Tais conclusões, inclusive, são prestigiadas pelo Ministério de Minas e Energia e
também pela Diretoria de Portos e Costas da Marinha do Brasil. Neste particular, convém
destacar que o Ministério de Minas e Energia, compartilhando o entendimento do Instituto
Brasileiro de Petróleo e Gás no sentido de ser plataforma uma espécie de embarcação,
formulou uma consulta formal à Marinha do Brasil, o qual emitiu o Parecer nº 023/06, cujas
conclusões são transcritas a seguir:
Por todo o exposto, considerando não só questões técnicas envolvendo as plataformas móveis, como também os costumes, a doutrina, a jurisprudência e o ordenamento jurídico, aqui contidas as normas internacionais, haveremos de concluir que a natureza jurídica da plataforma móvel é de uma embarcação especial, que se constitui, na forma do inciso XIV, do art. 2º, da Lei 9.537/97, de instalação ou estrutura flutuante, destinando-se às atividades direta ou indiretamente relacionadas com a pesquisa, exploração e explotação dos recursos oriundos do leito das aguas interiores e seu subsolo ou do mar, inclusive da plataforma continental e seu subsolo.
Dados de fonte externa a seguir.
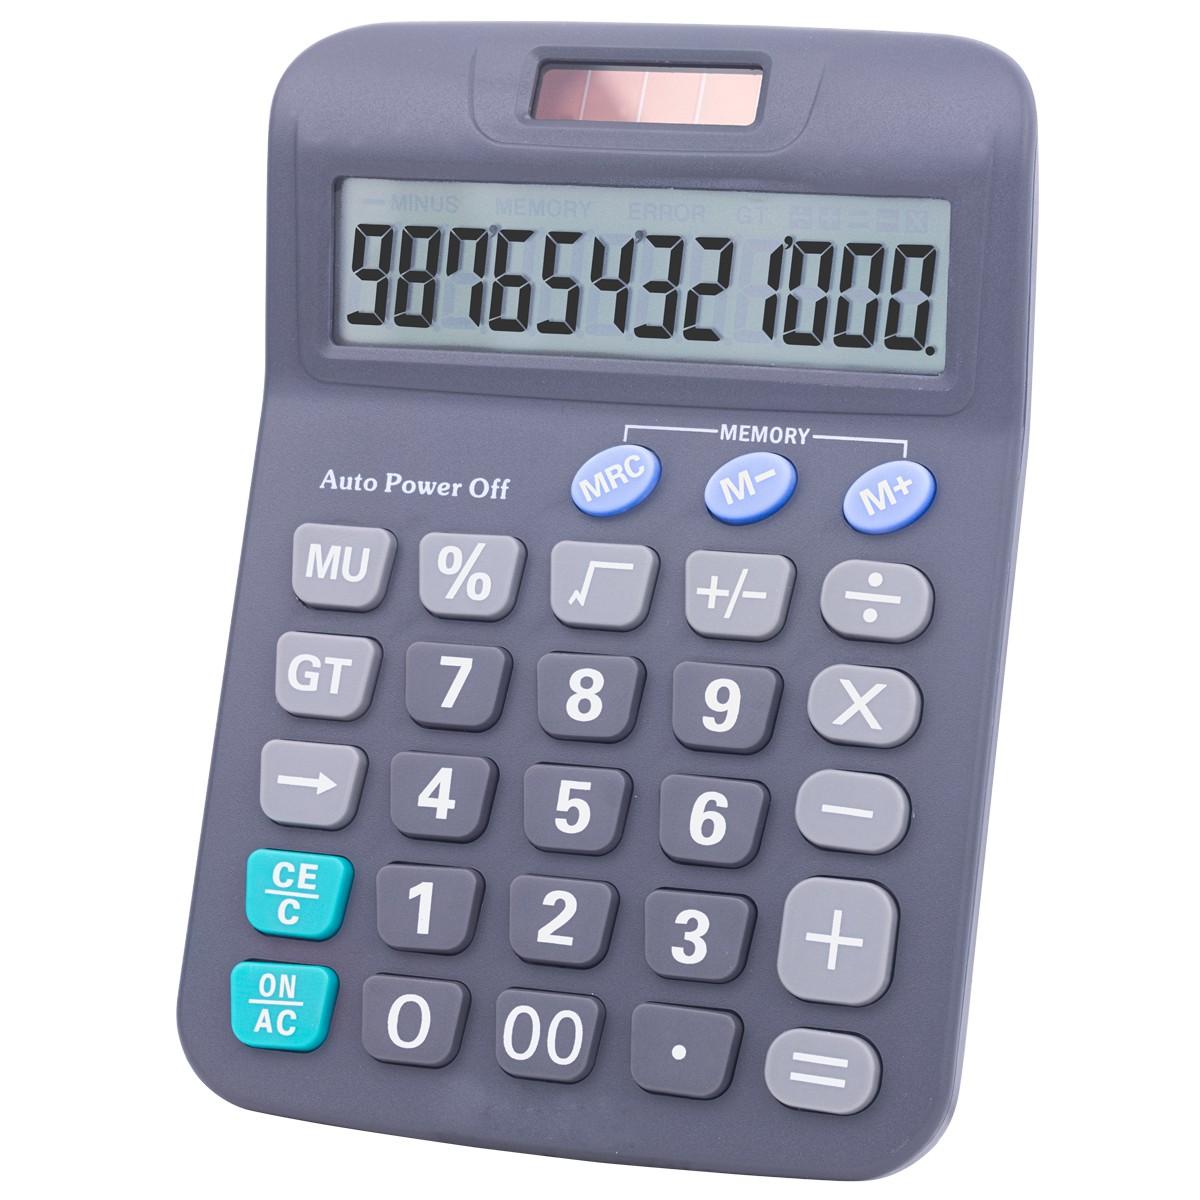 6032 12 - Digit Solar Desktop Calculator

Nessa análise teleológica aqui feita, buscando a resposta para a indagação formulada, tivemos em vista o fim da lei na sua busca para uma atuação prática. Não ficamos aquém, nem fomos além do que informam as normas
29
de navegação. Concluímos com o pensamento de que a norma foi feita para atingir um objetivo, considerando mesmo que a lei não existem palavras inúteis. (...) Uma coisa não pode ser e deixar de ser ao mesmo tempo. Ou ela é ou não é. Legis quo volet dixit, quod non volet tacet ( A lei diz o que quer exprimir, e se cala sobre aquilo que não quer dizer. Logo se a lei diz que plataforma móvel é uma embarcação, por certo ela será sempre, até que venha a perder as suas características como tal.
Nada obstante a conclusão acima, a qual traduz o entendimento oficial de órgãos
públicos competentes para (i) tratar de questões relacionadas à exploração de petróleo, e (ii)
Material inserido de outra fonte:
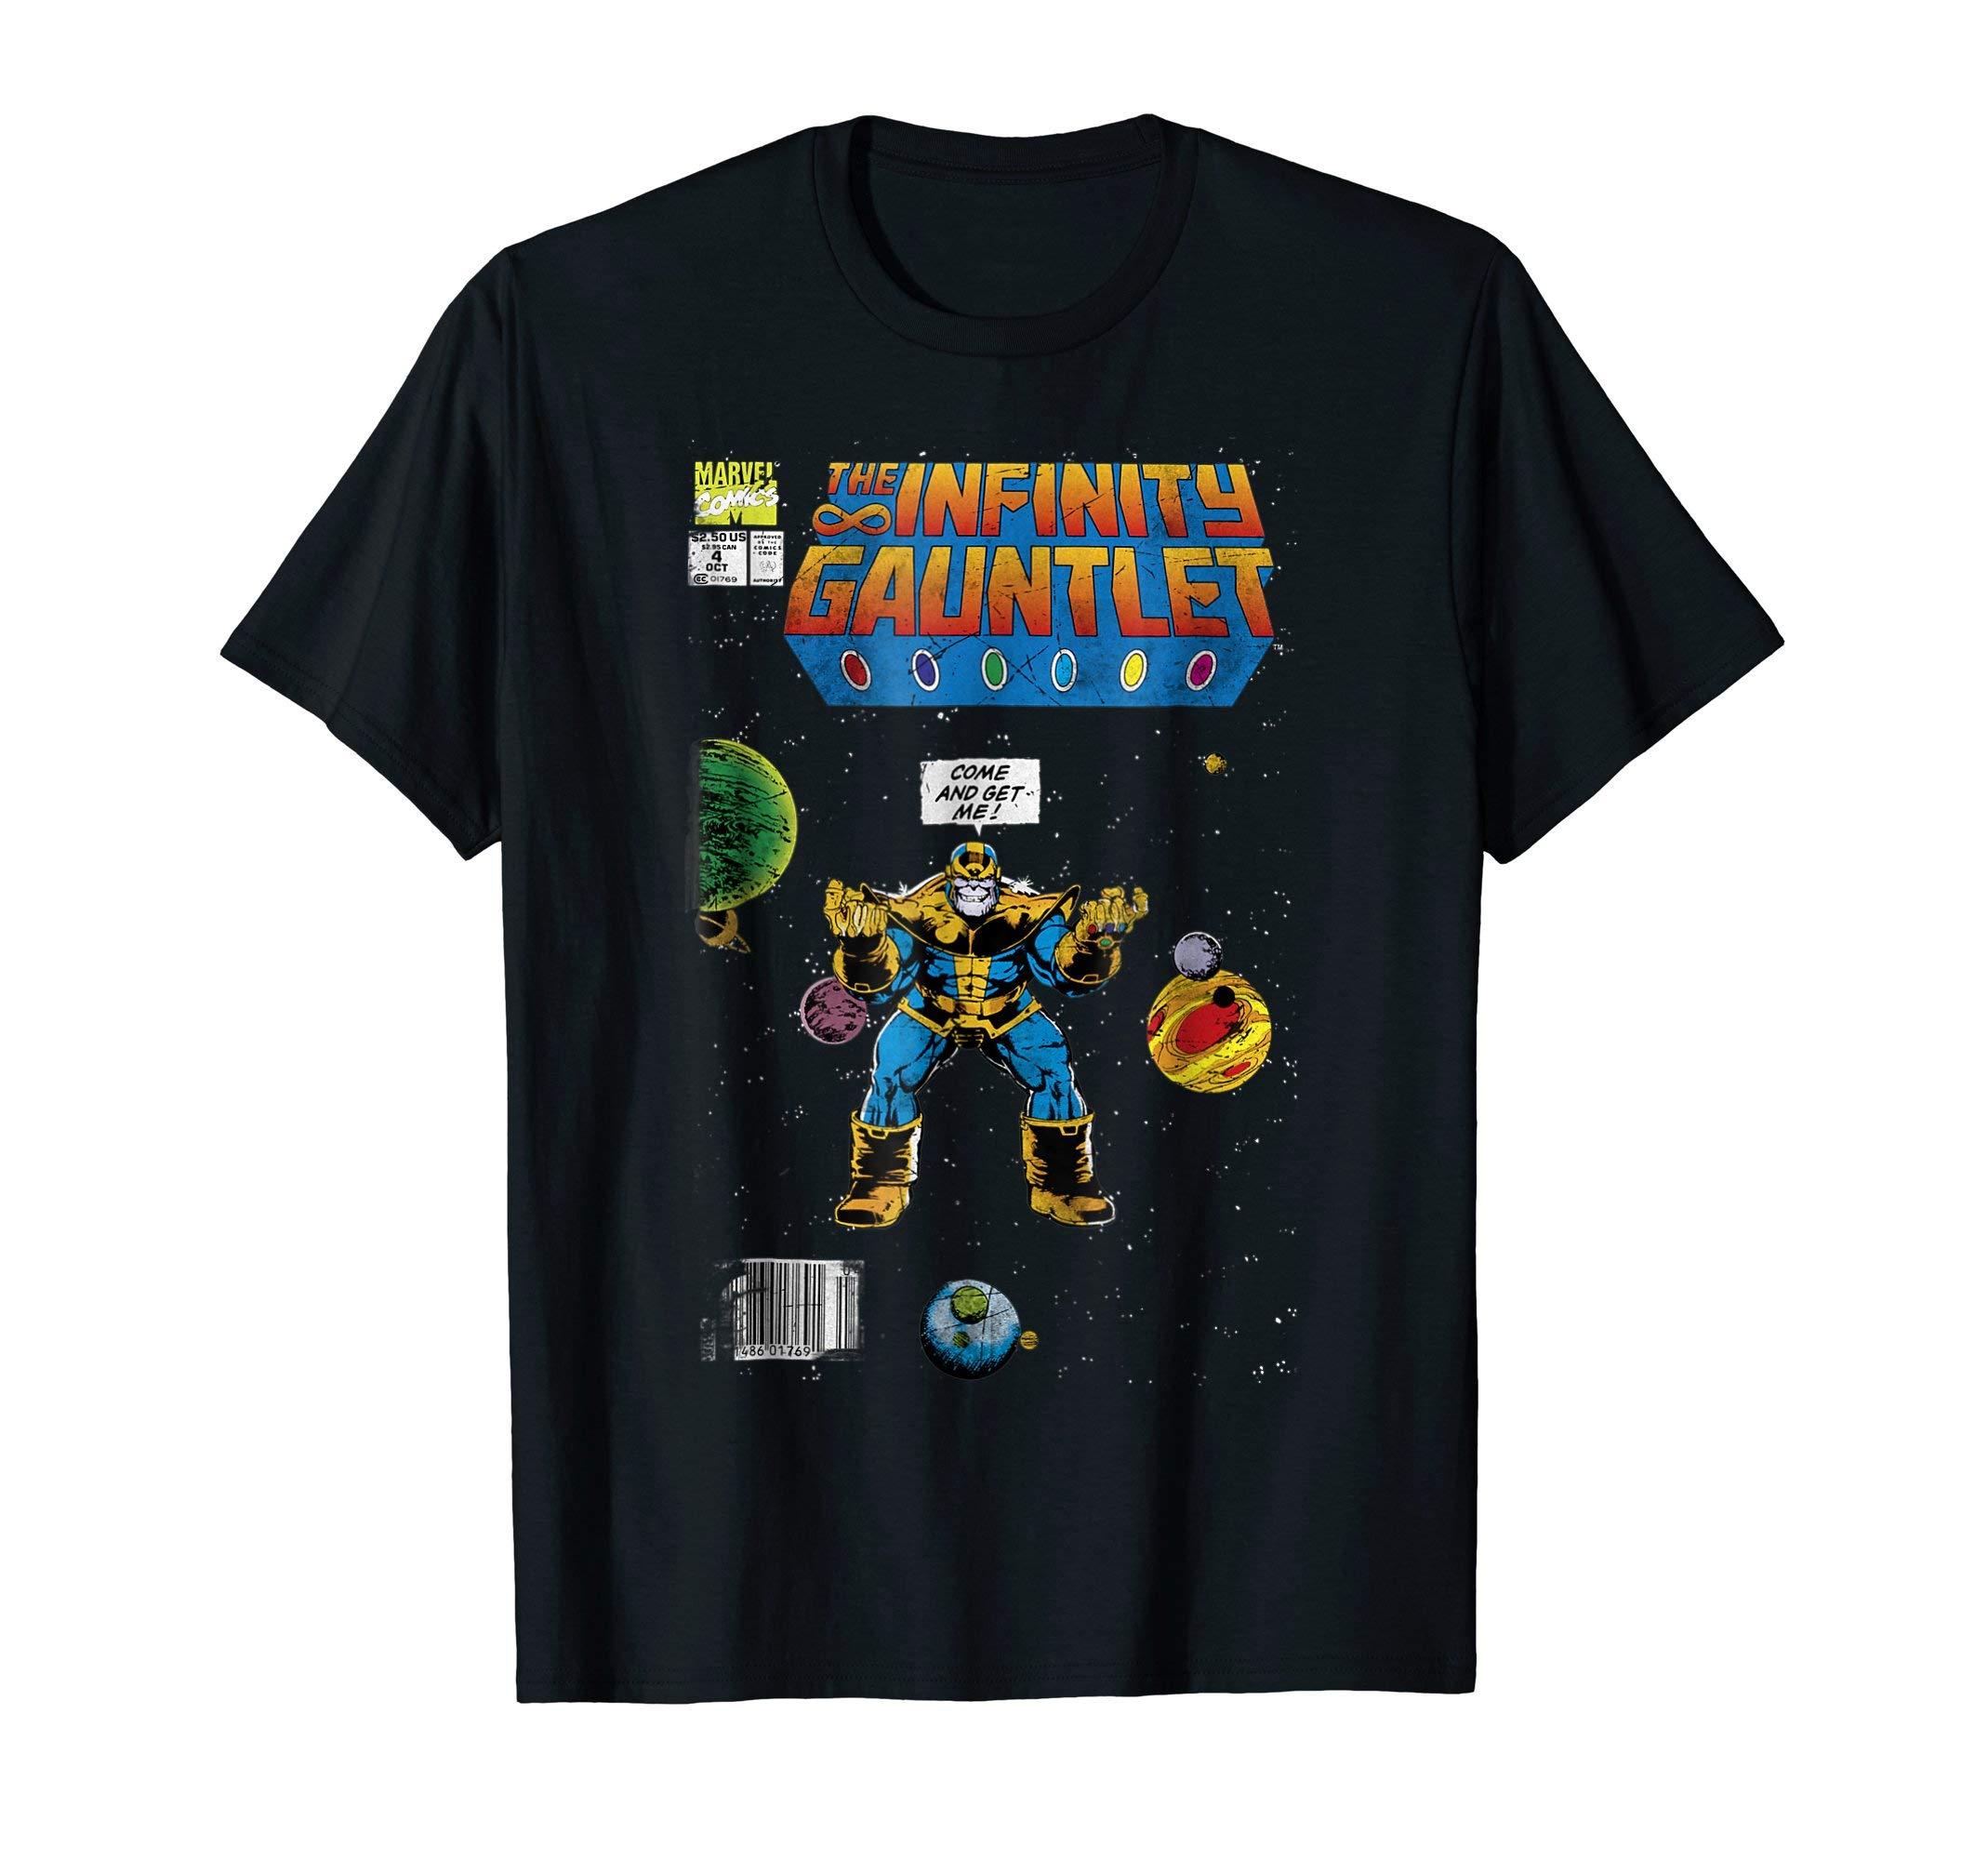 Infinity Gauntlet Comic Book Graphic T Shirt 1116

estabelecer a ordem no transporte marítimo, a doutrina nacional também já teve a
oportunidade de se debruçar sobre o assunto.
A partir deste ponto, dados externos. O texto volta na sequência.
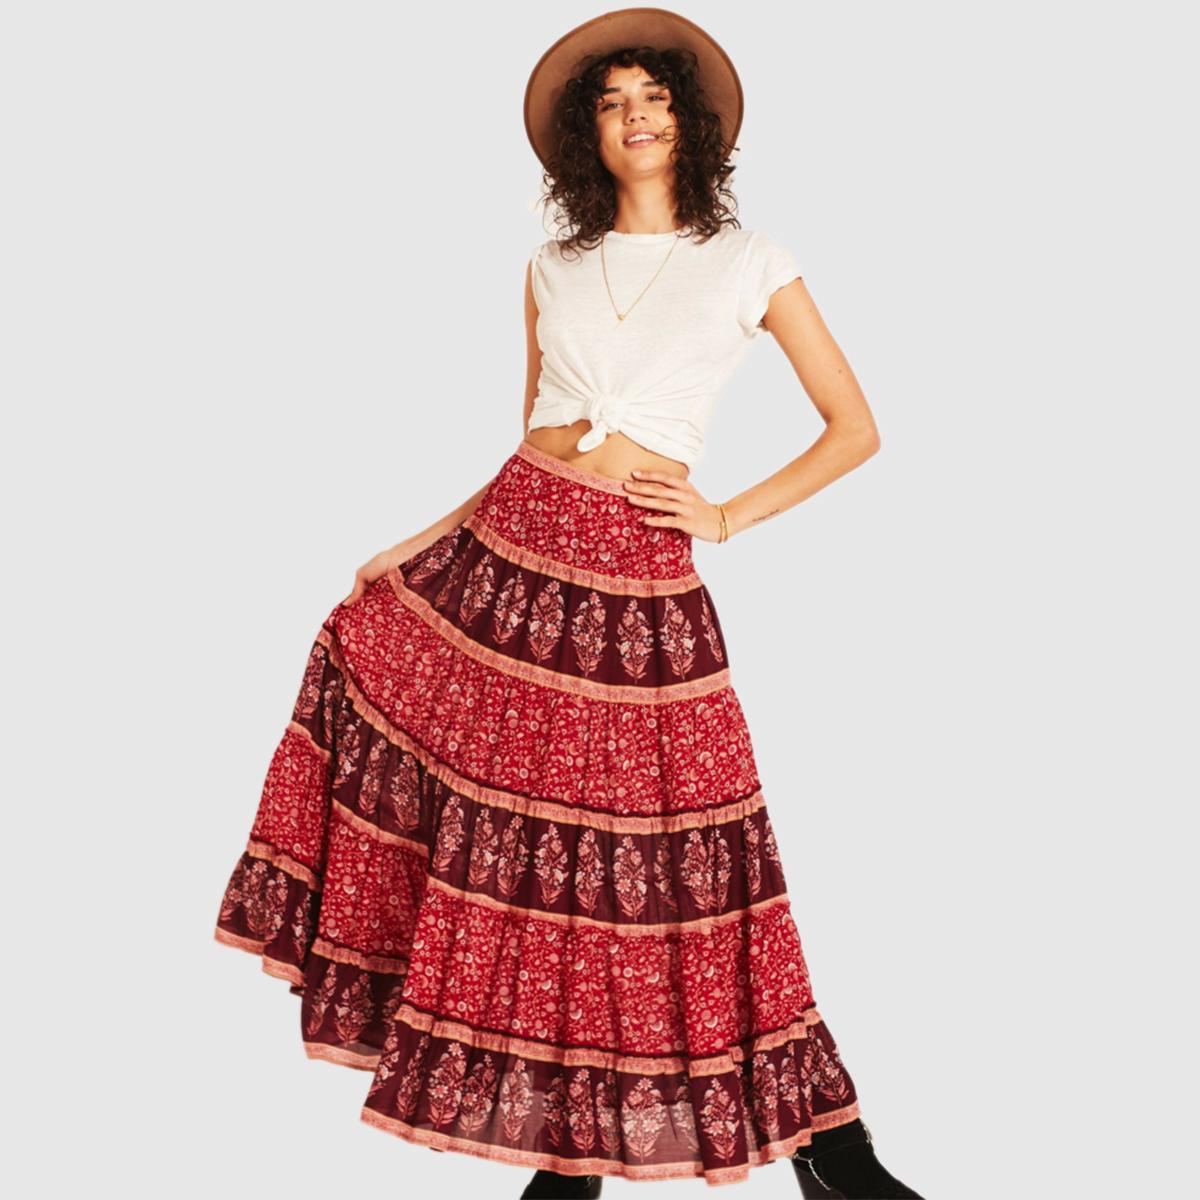 41eb90d5ad671 Floral Print Boho Skirt Women Summer 2018 Maxi Skirts Casual Beach Long  Gypsy Hem Bohemian Retro Long Hippie Pleated Skirt J190426

Sobre o assunto, vale observar os entendimentos de Marco Aurélio Greco, o qual, em
parecer emitido para a Petrobras e apresentado nos autos da ação ordinária nº
2008.51.01.007040-8, às fls. 126 a 174, teve a oportunidade de se debruçar sobre o tema e
concluir, com clareza, que plataformas são uma espécie do gênero embarcação:
a) A Lei n. 9.537/97 não é invocável para determinar o sentido e o alcance do termo “embarcação” utilizado pela Lei n. 9.481/97; b) o sentido corrente do termo “embarcação” utilizado no Brasil alcança as plataformas móveis; c) o artigo 111 do Código Tributário Nacional (CTN) dispõe sobre interpretação dos dispositivos que concedem isenções ou exclusões do crédito tributário, mas não autoriza o Fisco a reduzir a amplitude da respectiva previsão legal; e (...)
Por fim, não custa repetir que, apesar da regra de desoneração fiscal aqui analisada
existir no ordenamento jurídico brasileiro desde 1965, até hoje (passados quase meio século),
o legislador tributário não se preocupou em definir o que seria uma Embarcação para fins de
aproveitamento do benefício fiscal de IRRF em comento.
Esse silêncio do legislador tributário, claramente, indica que o mesmo está satisfeito
com a definição que é dada pela legislação específica e pelos órgãos competentes, a qual
reflete com precisão o senso comum.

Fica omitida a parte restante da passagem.